What a disaster! thought Johar. The line of sick people stretched over the ridge into the fading sun—maybe thirty people deep—just as Vikhrim had warned. Bija's eyes rolled back to show the white parts. Her breaths were barely audible. Bija might die if they waited in line. She needed help now! Every nerve in Johar's body strained to ride faster. The donkey clambered along the cracked plain, sending up clouds of dust. Finally they reached the front of the line. Johar leaped down, untied Bija, and pulled her into his arms.

He pounded fiercely on the flimsy wooden door. “My cousin is dying!”

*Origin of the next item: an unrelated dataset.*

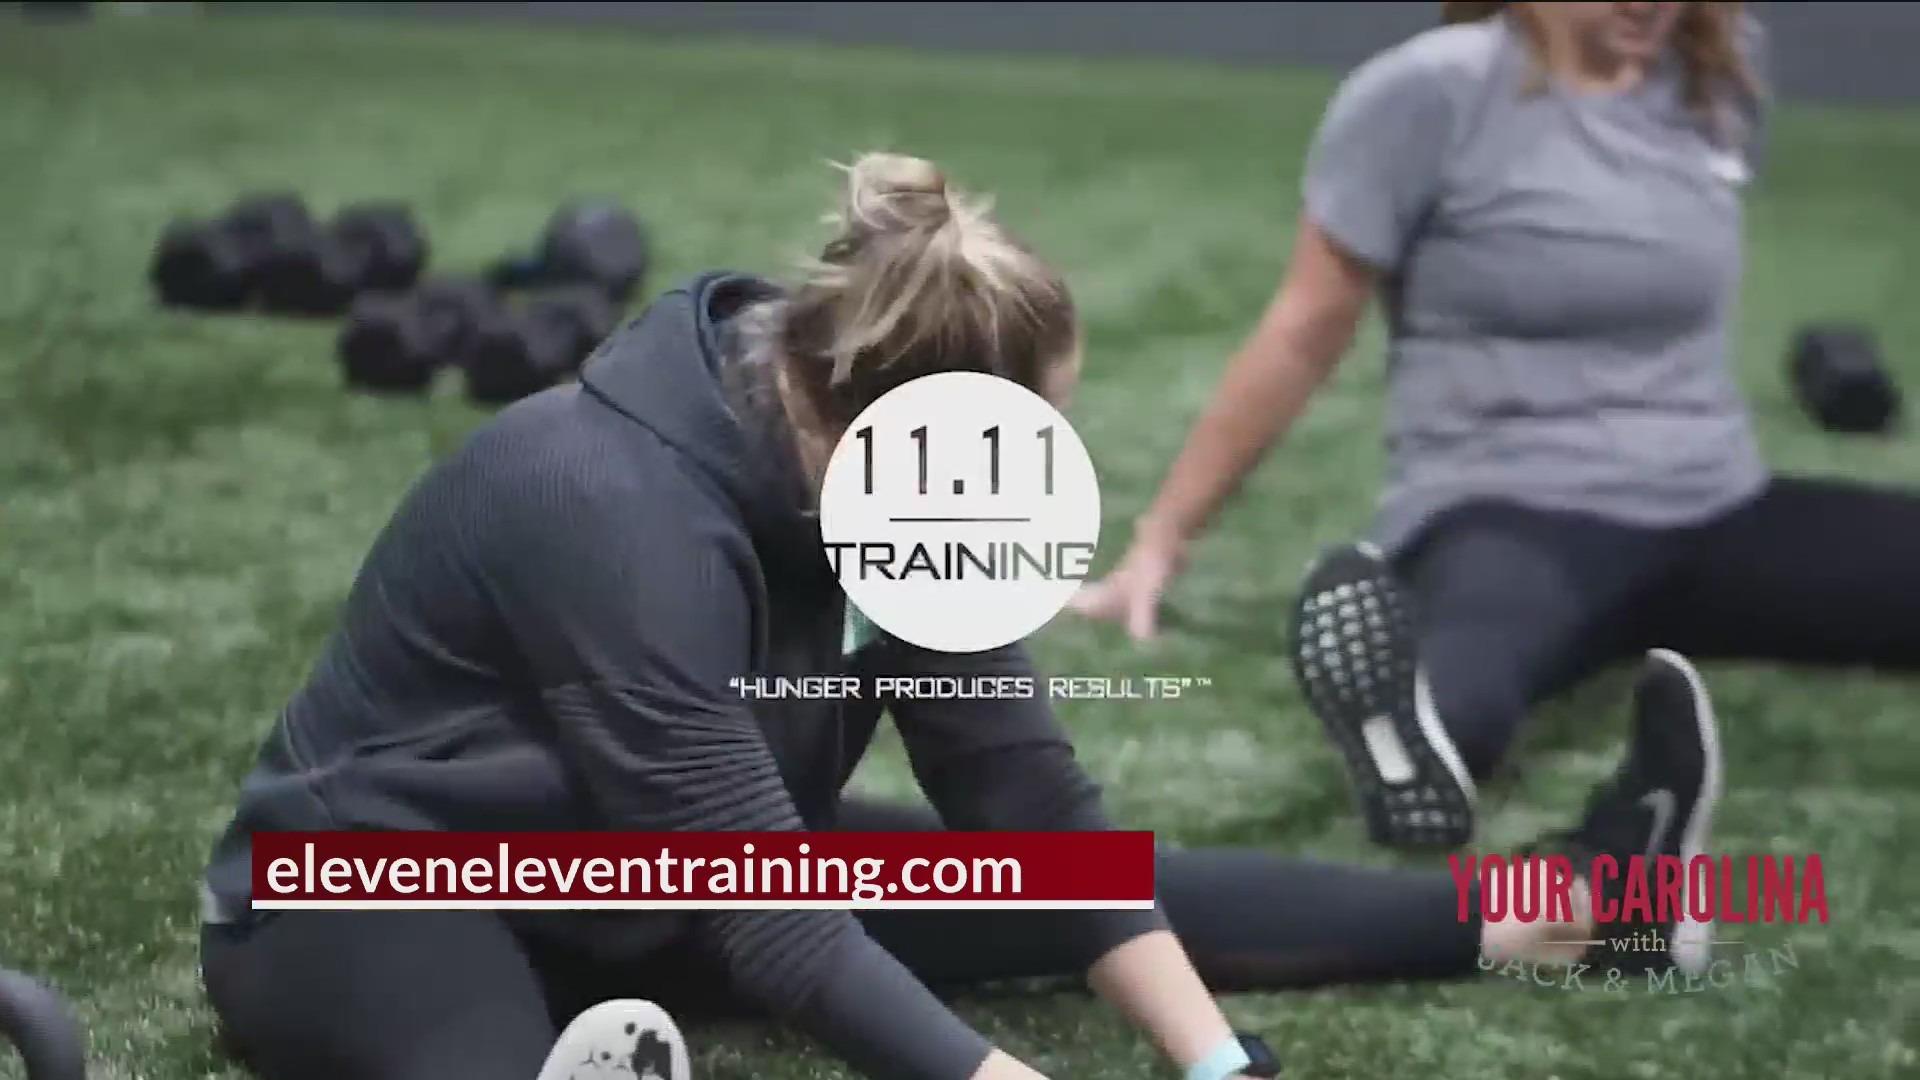 Move it Monday - 11.11 Training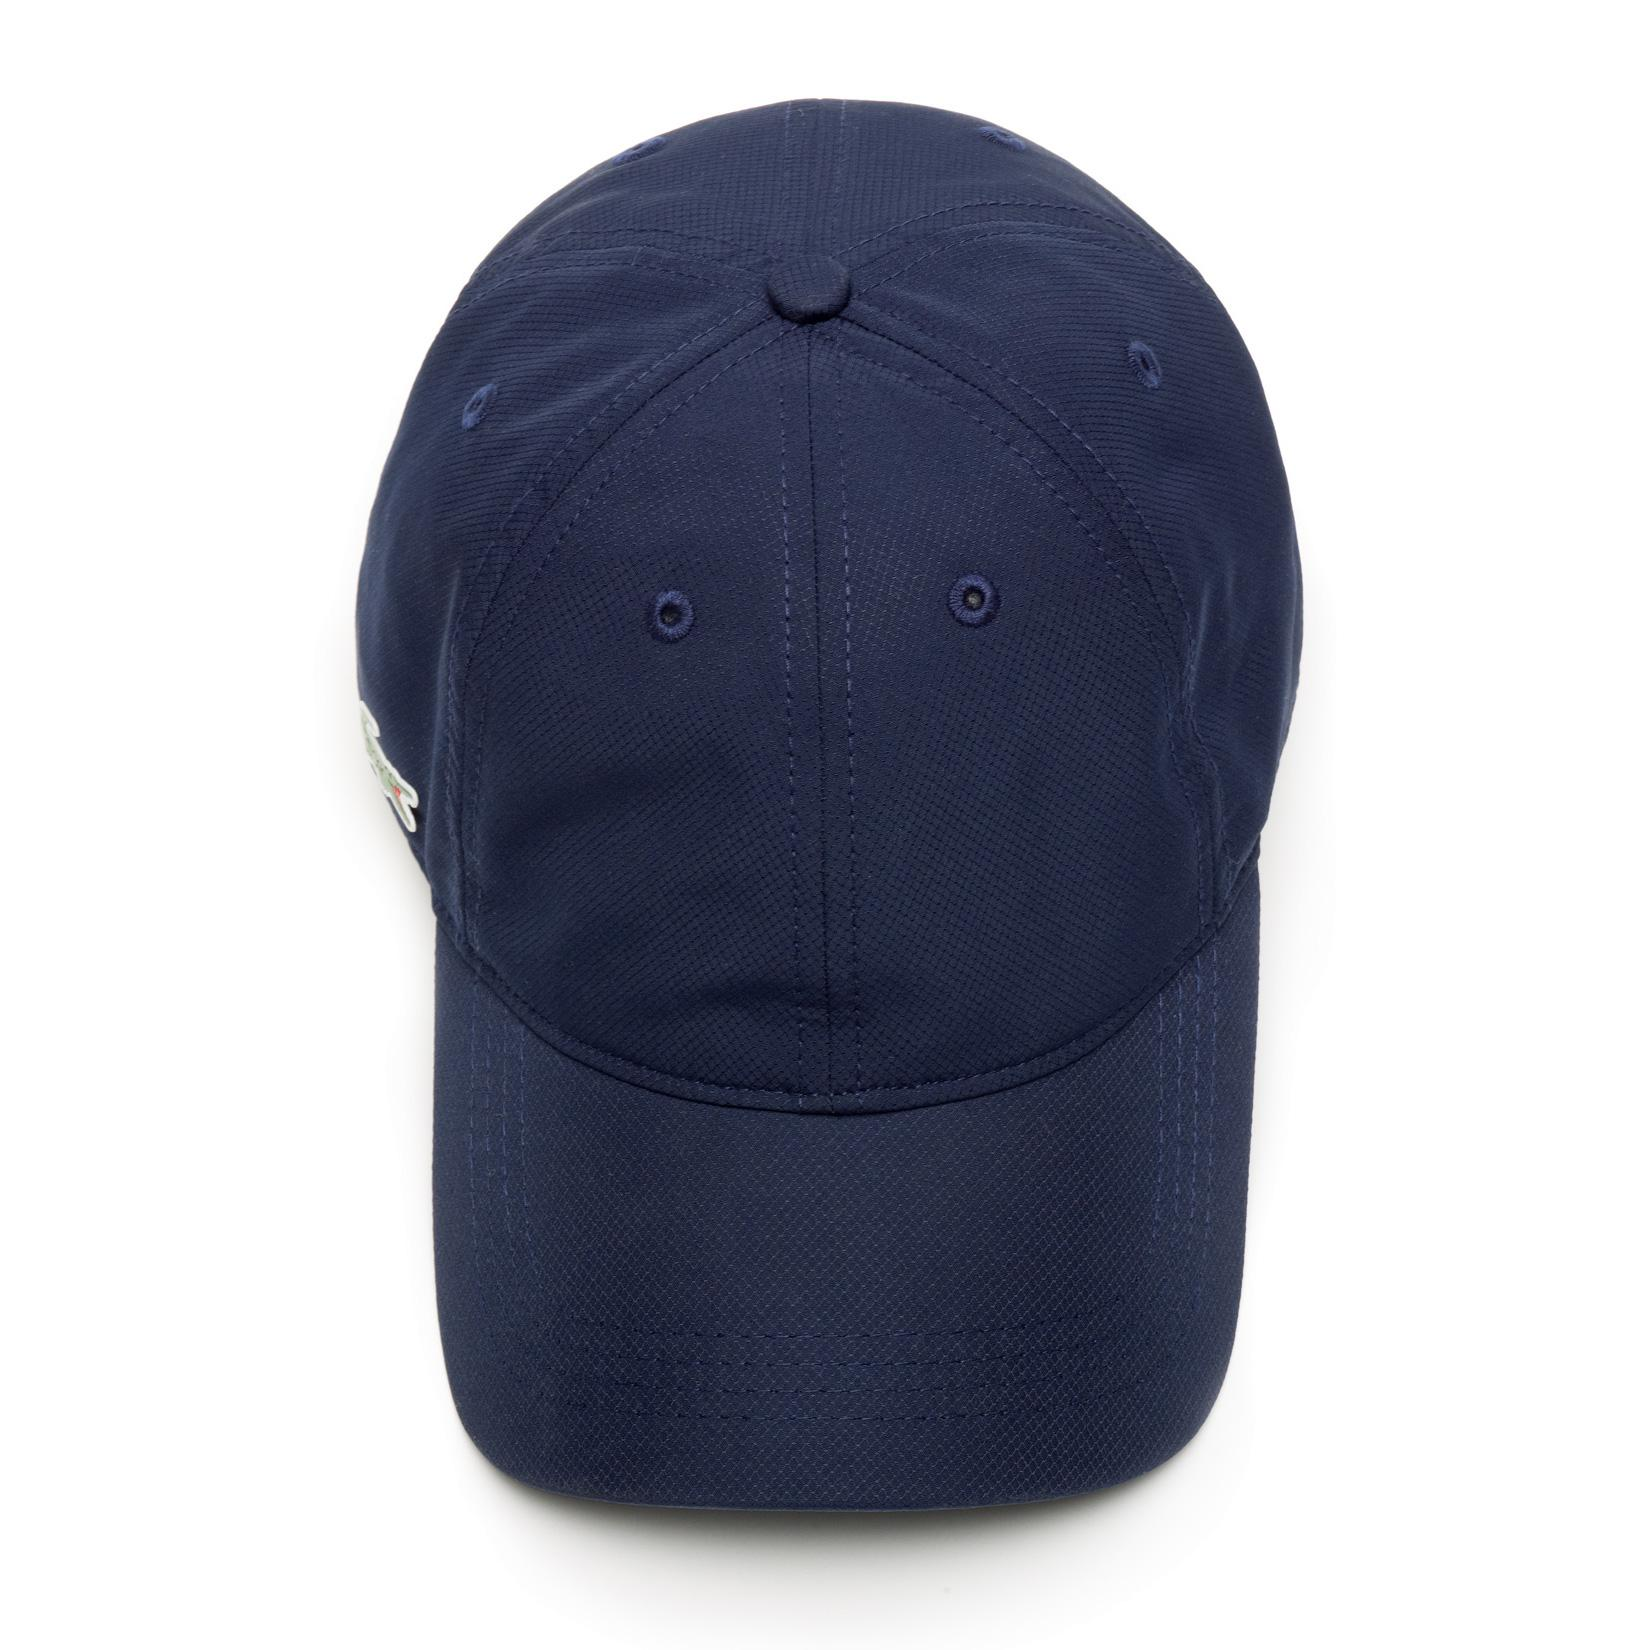 cbcbeb71962 Lacoste Sport Cap in Solid Diamond Weave Taffeta - Navy Blue ...

“My son is sick too,” yelled an angry man, “and we've waited for hours to get up to the doctor's door.” He pushed Johar away, but Johar swerved around him and pounded harder on the door.

“What are you doing, you selfish boor?” demanded a one-legged man behind the first. He hopped on one foot as he brandished his cane. “I've waited all morning in the wretched sun to get a leg.”

“American doctor, please help! She's dying!” Johar yelled in English through the open window.

The door swung open. A man with cloud-colored hair around a pink face emerged. Behind him was a woman in owlish spectacles, also with pale skin. “What's the trouble, Nils?” the woman asked the man.

The pink-cheeked man began speaking to Johar in Dari. “What is the trouble?”

“I'll show you trouble!” screeched the one-legged man. He smashed Johar on the back with his cane. “The boy jumped the line.” Johar winced in pain but held his place.

“Stop!” Nils grabbed the cane. “Patience,” he shouted,
prodding the man back into the angry crowd. Nils stationed himself between Johar and the throng like a human shield.

The spectacled woman approached. She began to examine Bija, peering down Bija's throat and listening to her chest with a metal stethoscope. “Rales,” she muttered.

“Can you help my cousin?” Johar begged in English. “She cannot breathe!”

The woman raised her eyes to his, startled by Johar's words. She turned and opened the door. “Bring her in.”

The crowd roared. “Thrash that boy! He cut in.”

“Just because the boy speaks Ingleesi.”

Speaking in Dari, Nils attempted to calm the crowd. “Your turn will come. We will see you all.”

Johar's heart pounded as the woman took Bija in her arms and carried her into the compound. She laid Bija on a metal table, stuck an instrument down her throat in a concentrated motion, then pulled it out. Johar came over and helped to hold Bija steady. She shuddered and coughed, then began to breathe—breaths that beat like hummingbird wings. Bija was still alive! The doctor rubbed the instrument along a glass slide, then removed some blood with a needle.

“This medicine will treat her infection.” The woman said. She rubbed a patch of Bija's skin with a piece of cotton, then poked another needle into her arm.

Johar sighed deeply. The din of the crowd, which had faded in those awful moments, returned in a swell outside the window. “Will she live?” he asked in English.

With sturdy hands the woman set Bija on a cot by the wall. “We hope so.” She removed her glasses. Her eyes and the strands of hair that peeked from her scarf were both the slate color of goat's wool. “Your cousin is one sick little girl
with an extremely high fever. I suspect that she has bacterial pneumonia. Do you understand?”